Steve: Exactly. And there is, in the spec, is an exponential delay in failed attempts, so that it doubles for every failed attempt. And so it quickly becomes impossible to brute-force this. And as you said, you've got devices that are, like, saying, I'm sorry, we either succeeded or failed in the pairing.

Leo: Yeah. Most of these devices don't give you an infinite amount of time to try.

Steve: Exactly. And so if you have a computer with a screen, you're able to type in, you type into the keyboard, which has no display, the sequence that the computer prompted you. So in that way you have established out-of-band communications. The weakest pairing is with something that has absolutely, it's got no keyboard, it's got no user interface.
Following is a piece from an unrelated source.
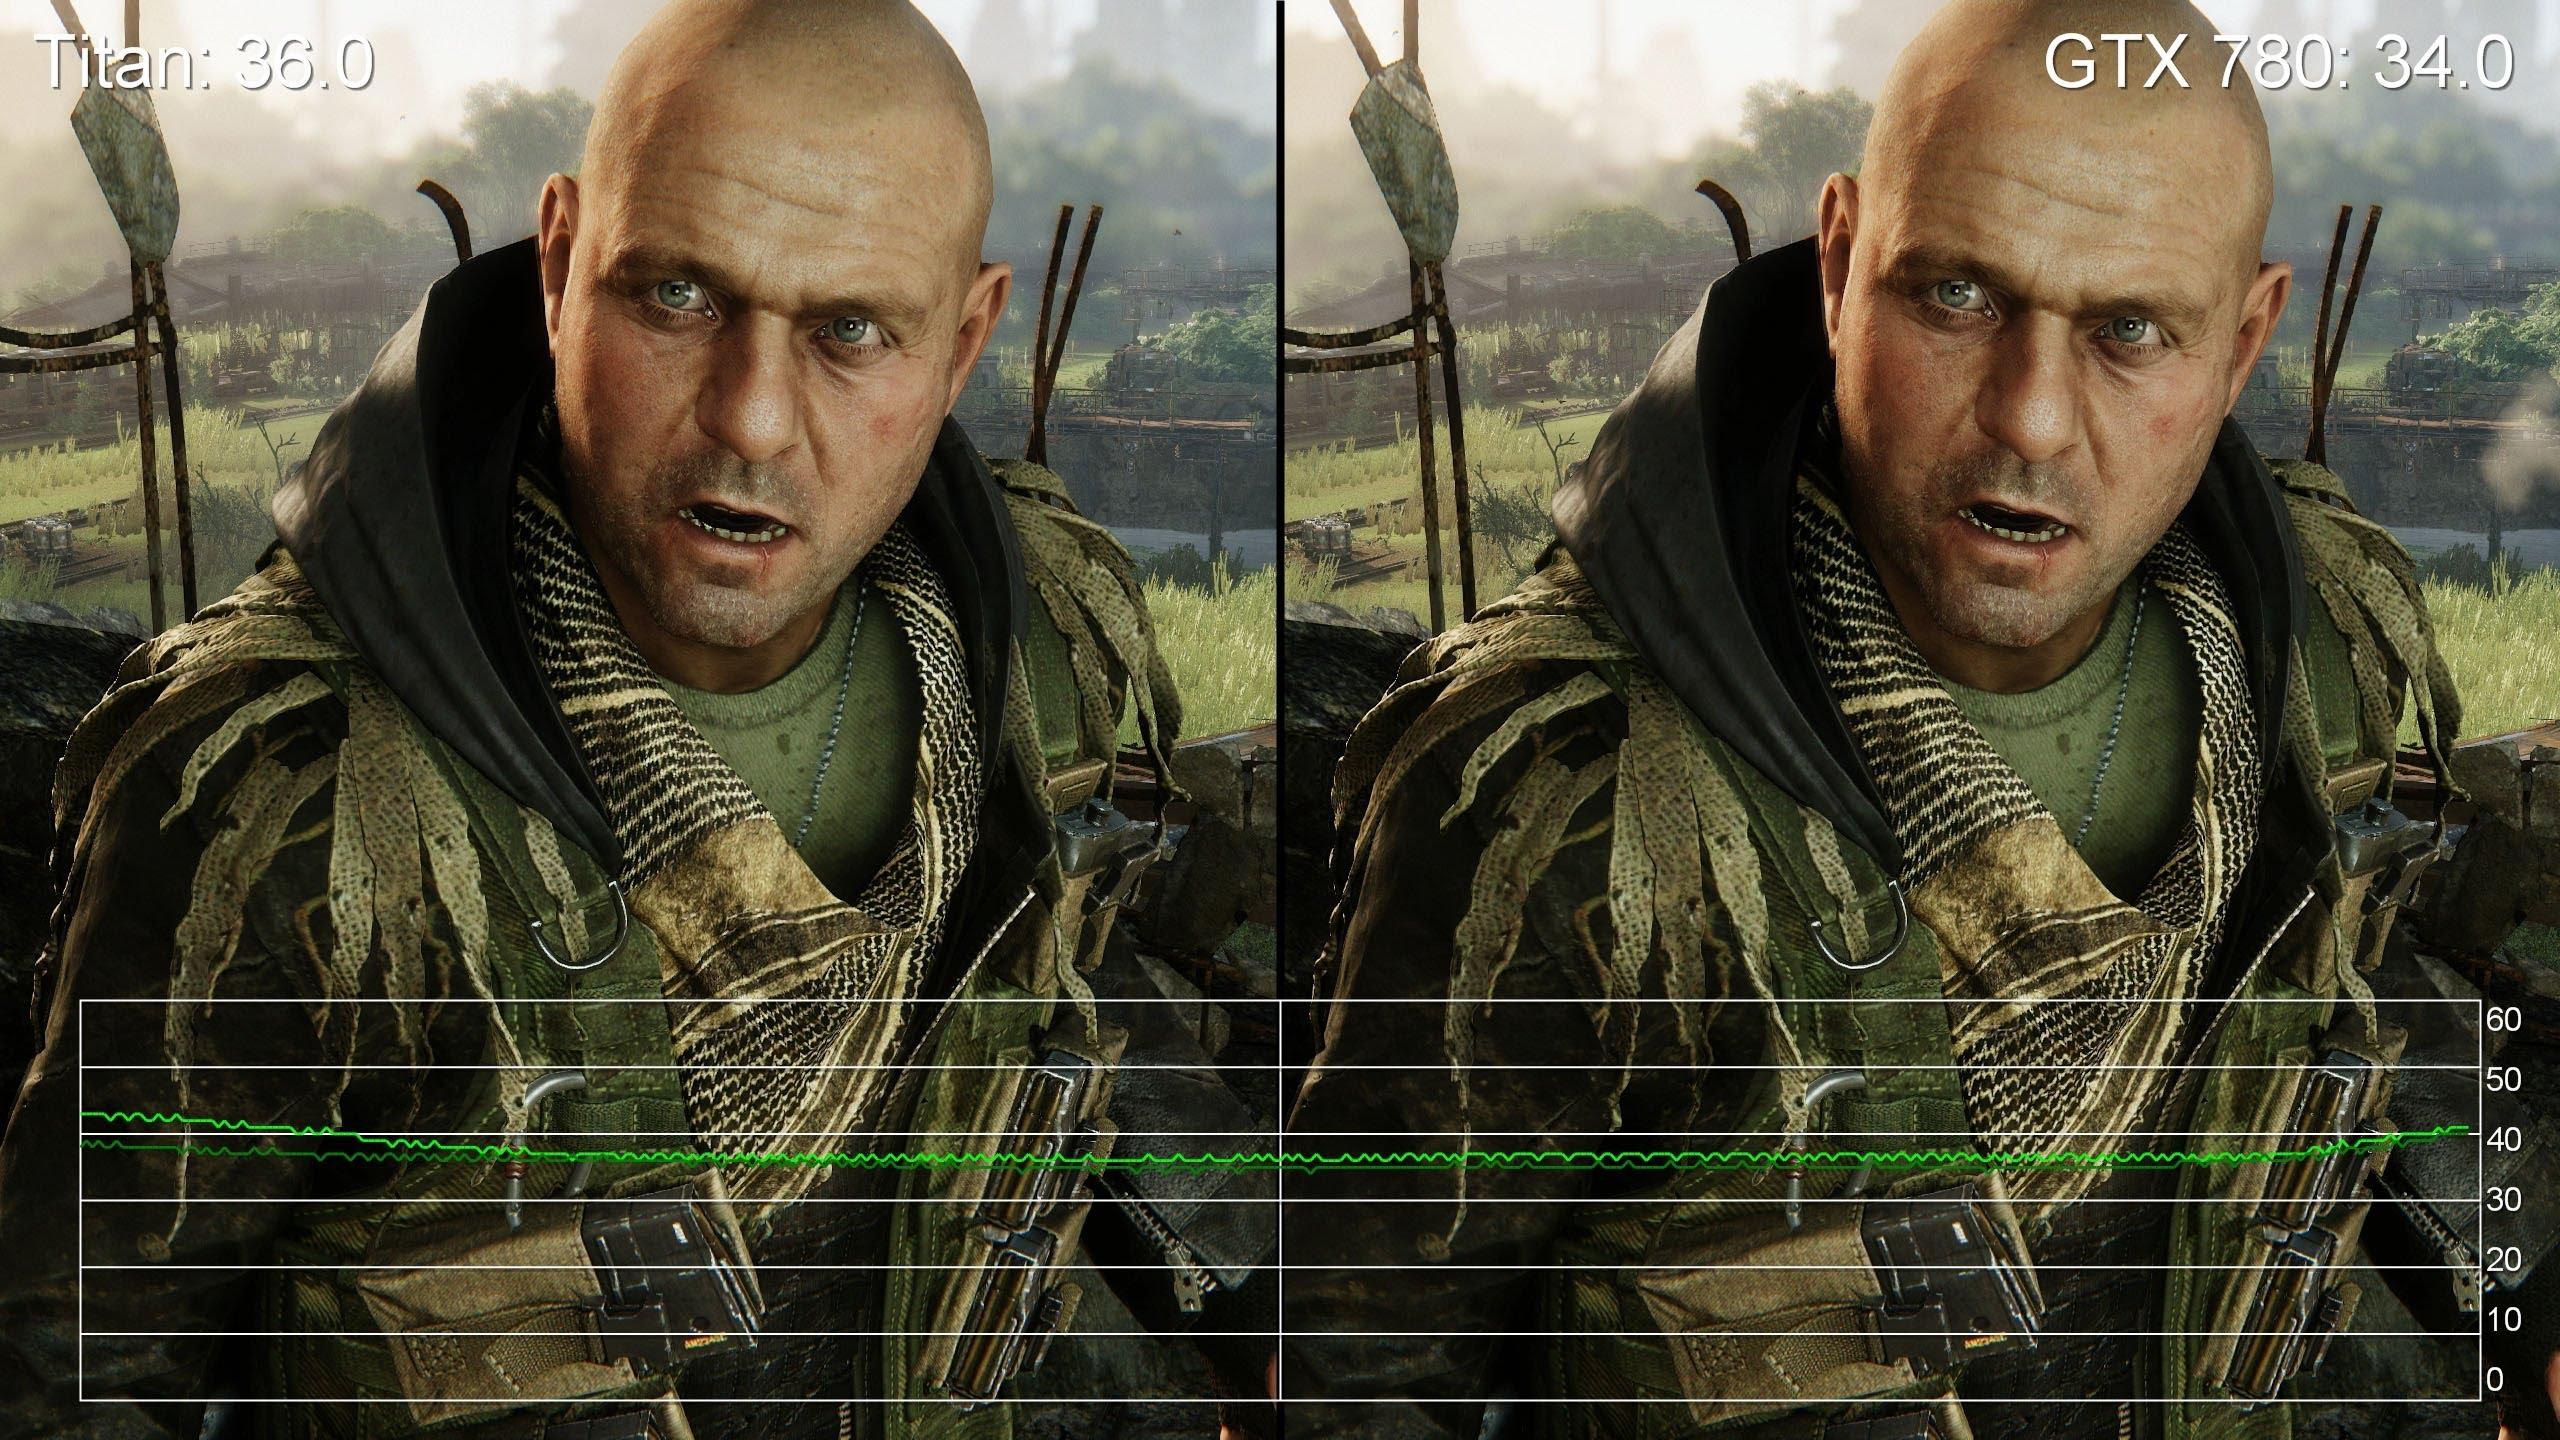 Crysis 3 GTX Titan vs GTX 780 2560x1440 Very High Settings Frame 2560x1440
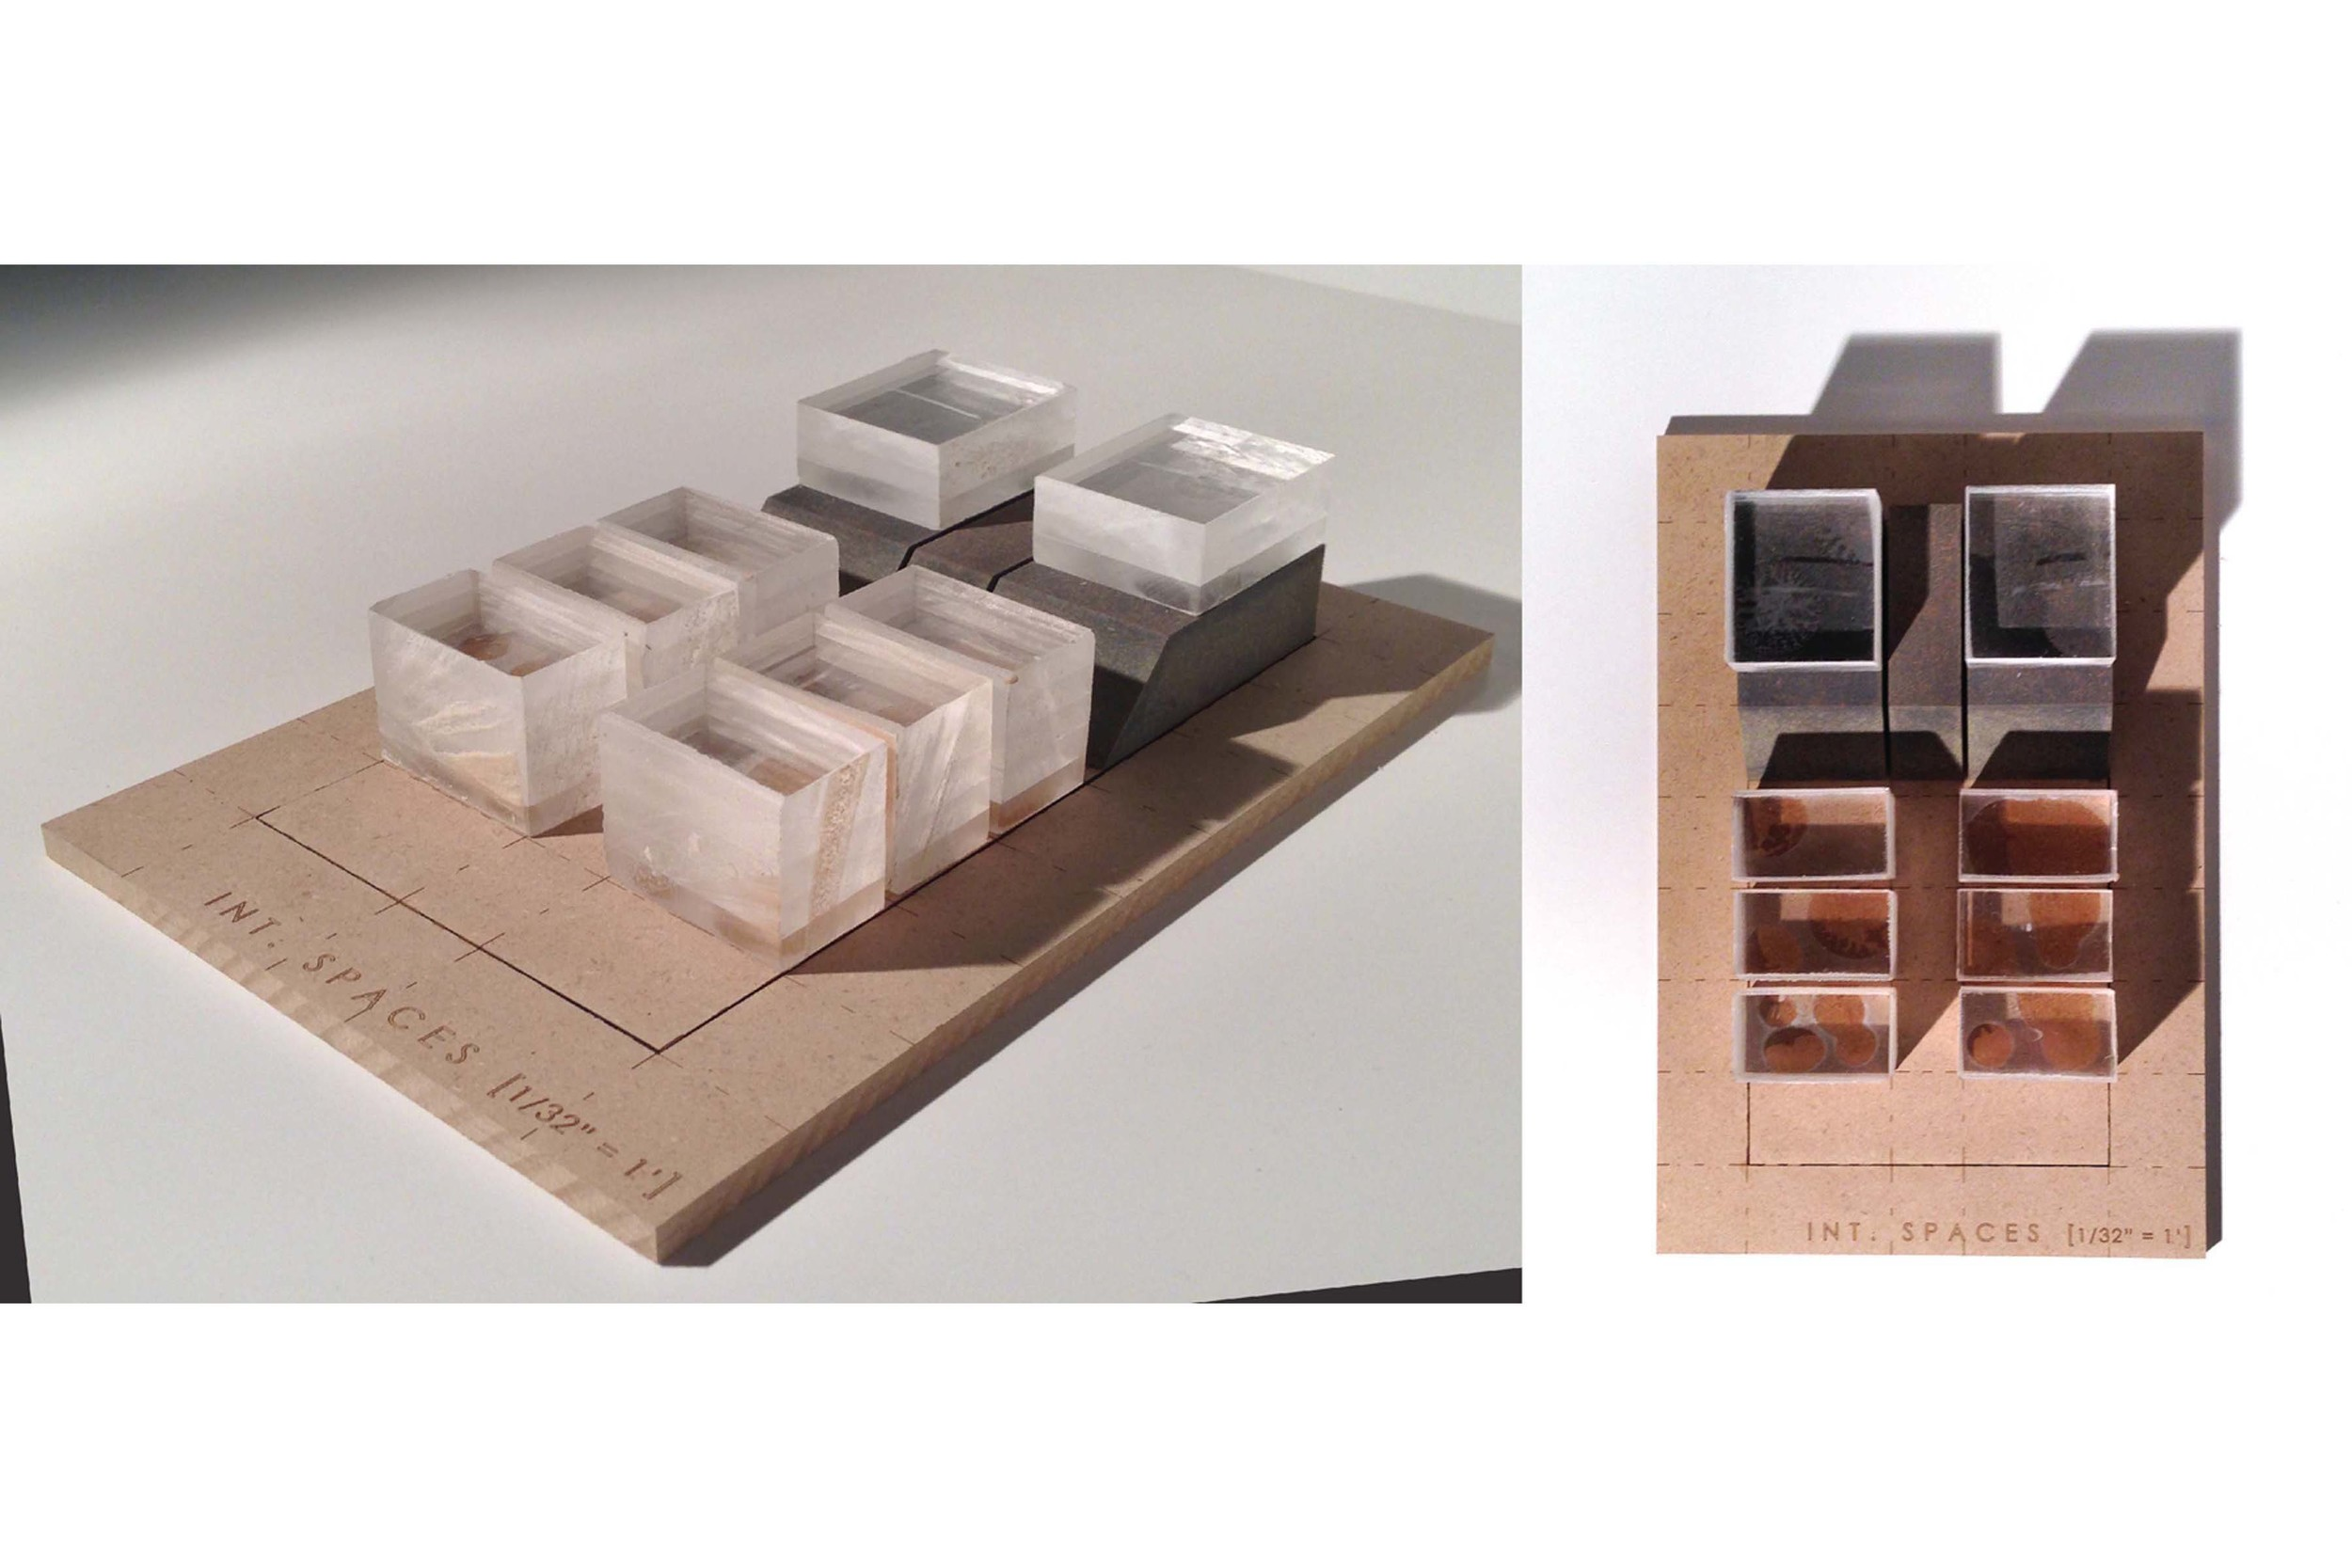 Concept Model: Volume

And there you may be paired with another device that says, well, what's the PIN for this device? And it's just, by agreement, it's 0000. Well, so anybody could know that. Anybody, technically, if they were listening right at that moment, was very good with radio and had the ability to intercept this communication, they could do so. But that's the only known vulnerability in the protocol.

And it's a tradeoff that I think is entirely reasonable, Leo, as you said. In the case of a keyboard, you can type in a long passphrase. Between two more sophisticated devices you can do something even longer. So it ended up being, from a consumer standpoint, an efficient and useful protocol, and I think a nice set of tradeoffs. So once the devices have established their pairing relationship, they use an interference avoidance technology known as "frequency hopping."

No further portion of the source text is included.